The internet has turned our lives upside down and has become a global means of communication. As the world is rapidly advancing, many new and challenging calls for humankind are associated. One of those challenges is analyzing the sentiments, i.e. opinions or feelings of the person or any user such as customers, while choosing and buying any product. For cases and situations like this, analysis of sentiments or opinion mining plays a significant role. Sentiment Analysis is vital because the customers can get an overview and understanding of reviews of the customers who have already purchased that particular product. Also, it helps them make decisions about their purchase and hence proceed forward accordingly. In comparison to the existing work, the proposed work considers all the sentiments throughout any conversation or review, whether they are good or bad, and hence classifies them further as positive and negative with their extent i.e. percentages of positivity and negativity in the statement.

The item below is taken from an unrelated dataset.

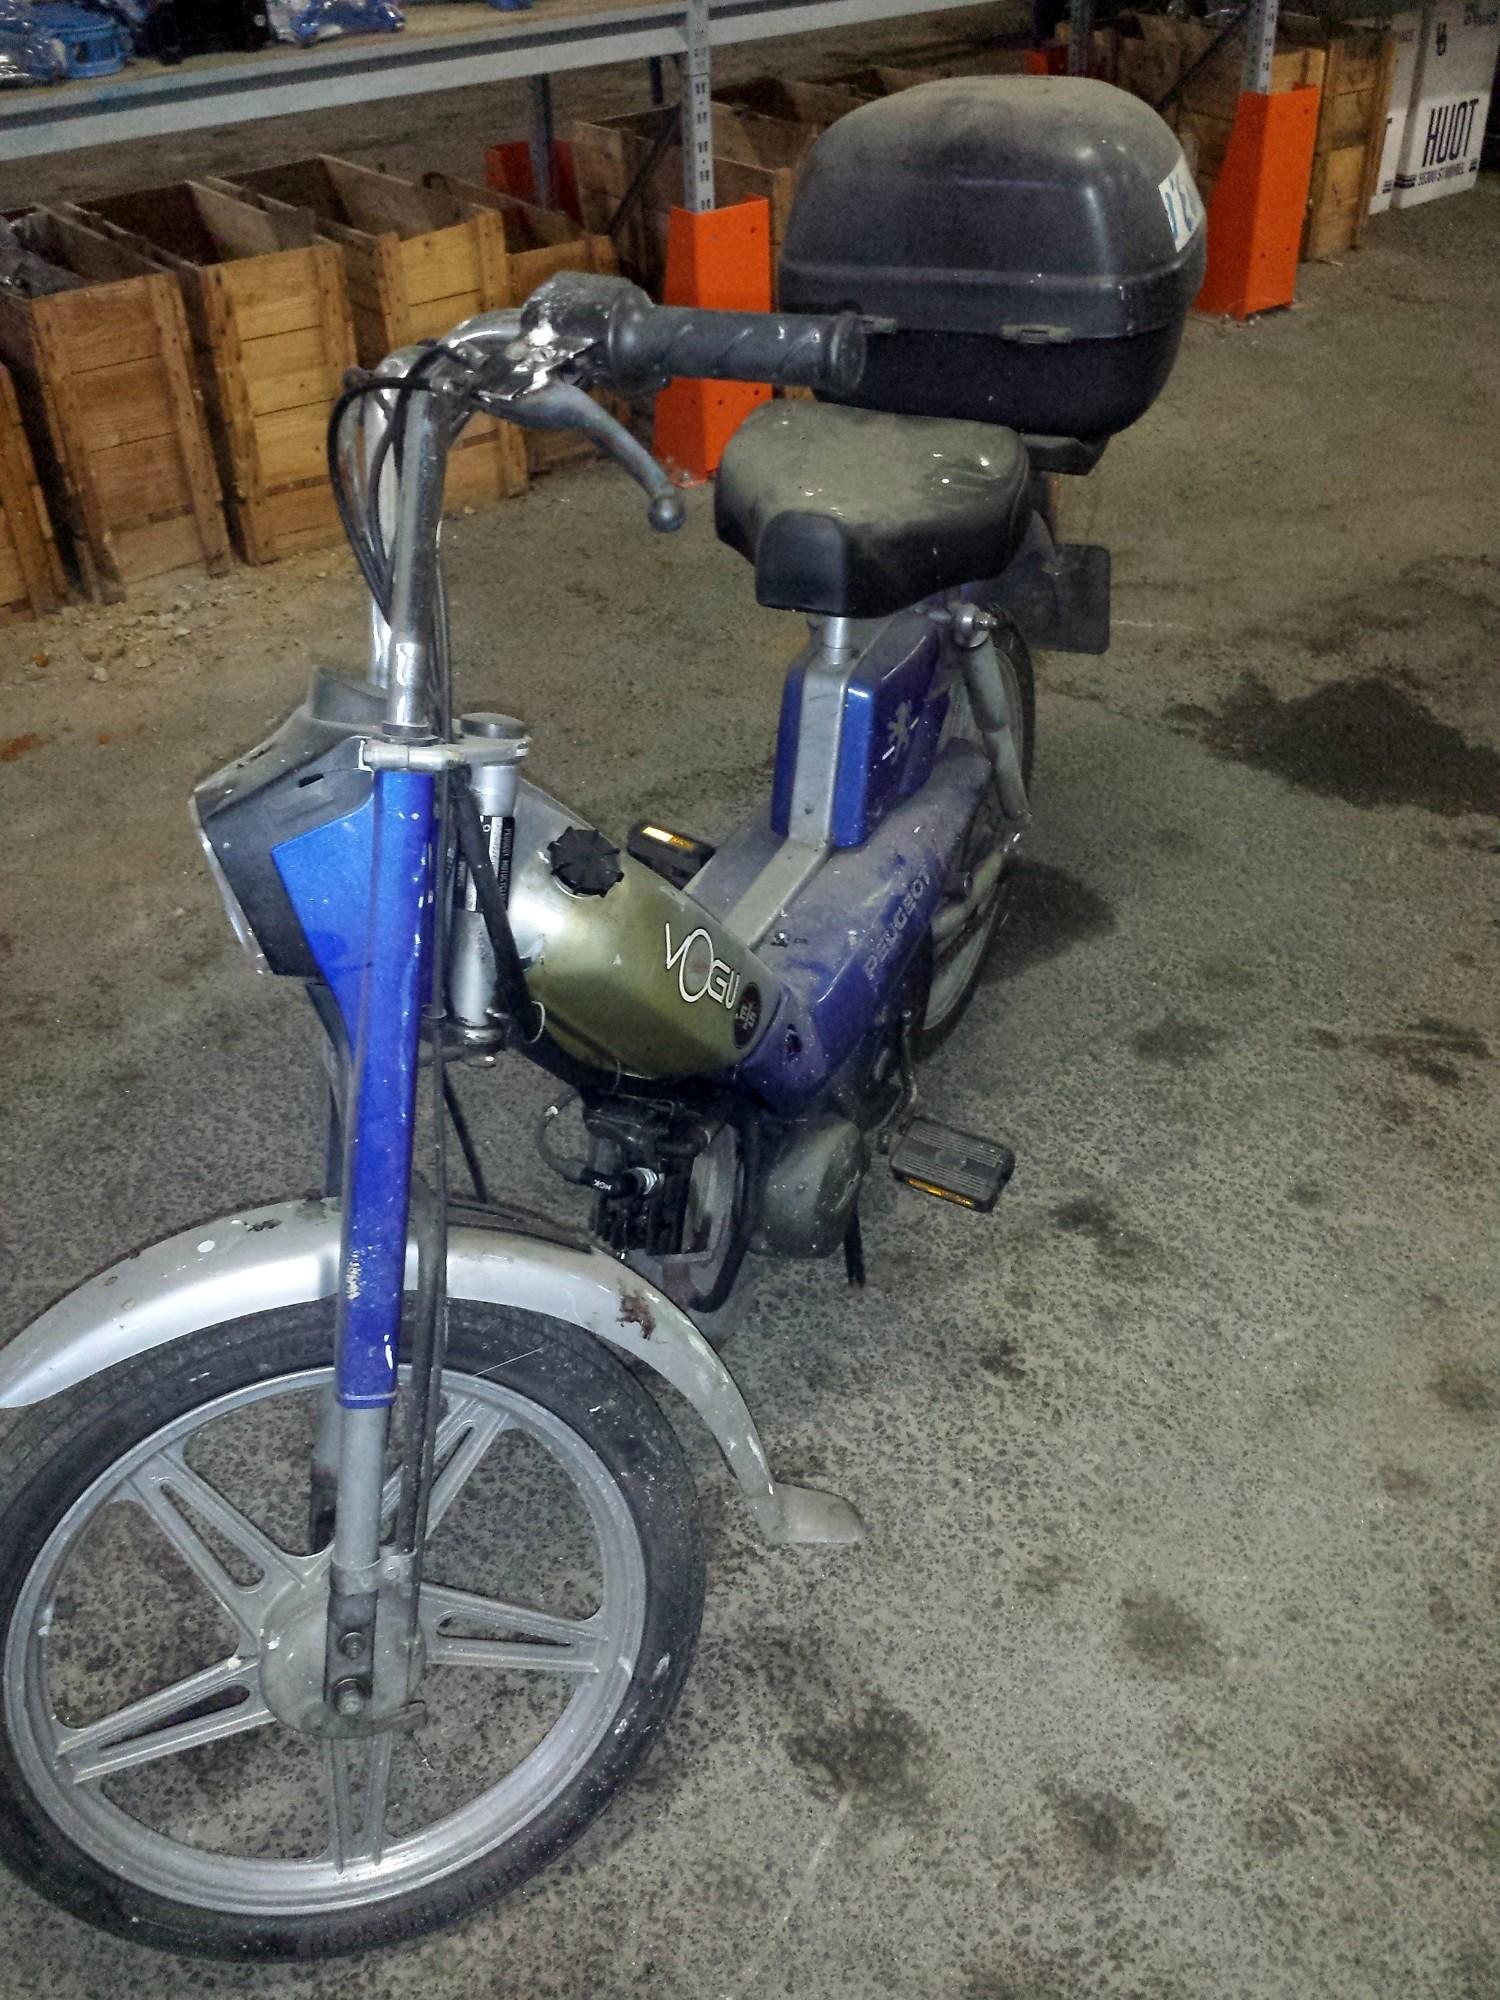 cyclomoteur peugeot moto scooter 2 roues d 39 occasion aux ench res agorastore. Black Bedroom Furniture Sets. Home Design Ideas

It also finds out the label of the review or any other conversation so that the users can get an idea about the domain of the conversation. Even though related research work has already been done, there is still a need to improve the accuracy and understandability of sentiment analysis. This work is mainly done by using the zero-shot learning technique. After classifying the reviews and predicting labels, the spaCy model is used with it to get essential keywords and phrases for the conversation. In the proposed work, this is done by discarding greetings with a score greater than 80%.
基于零射击机器学习技术的情感分析系统
互联网颠覆了我们的生活,并成为一种全球性的交流方式。随着世界的快速发展,人类面临着许多新的和具有挑战性的要求。其中一个挑战是在选择和购买任何产品时分析情绪,即个人或任何用户(如客户)的意见或感受。在这种情况下,情绪分析或意见挖掘起着重要的作用。情感分析是至关重要的,因为客户可以得到一个概述,并了解已经购买了特定产品的客户的评论。此外,它还可以帮助他们做出购买决定,从而相应地继续前进。与现有的工作相比,拟议的工作考虑了任何谈话或评论中的所有情绪,无论它们是好是坏,并因此将它们进一步分类为积极和消极的程度,即在声明中积极和消极的百分比。它还找出评论或任何其他对话的标签,以便用户可以了解对话的领域。尽管相关的研究工作已经完成,但情感分析的准确性和可理解性还有待提高。这项工作主要是利用零射击学习技术来完成的。在对评论进行分类并预测标签之后,使用spaCy模型获得对话的关键字和短语。在提议的工作中,这是通过丢弃得分大于80%的问候来完成的。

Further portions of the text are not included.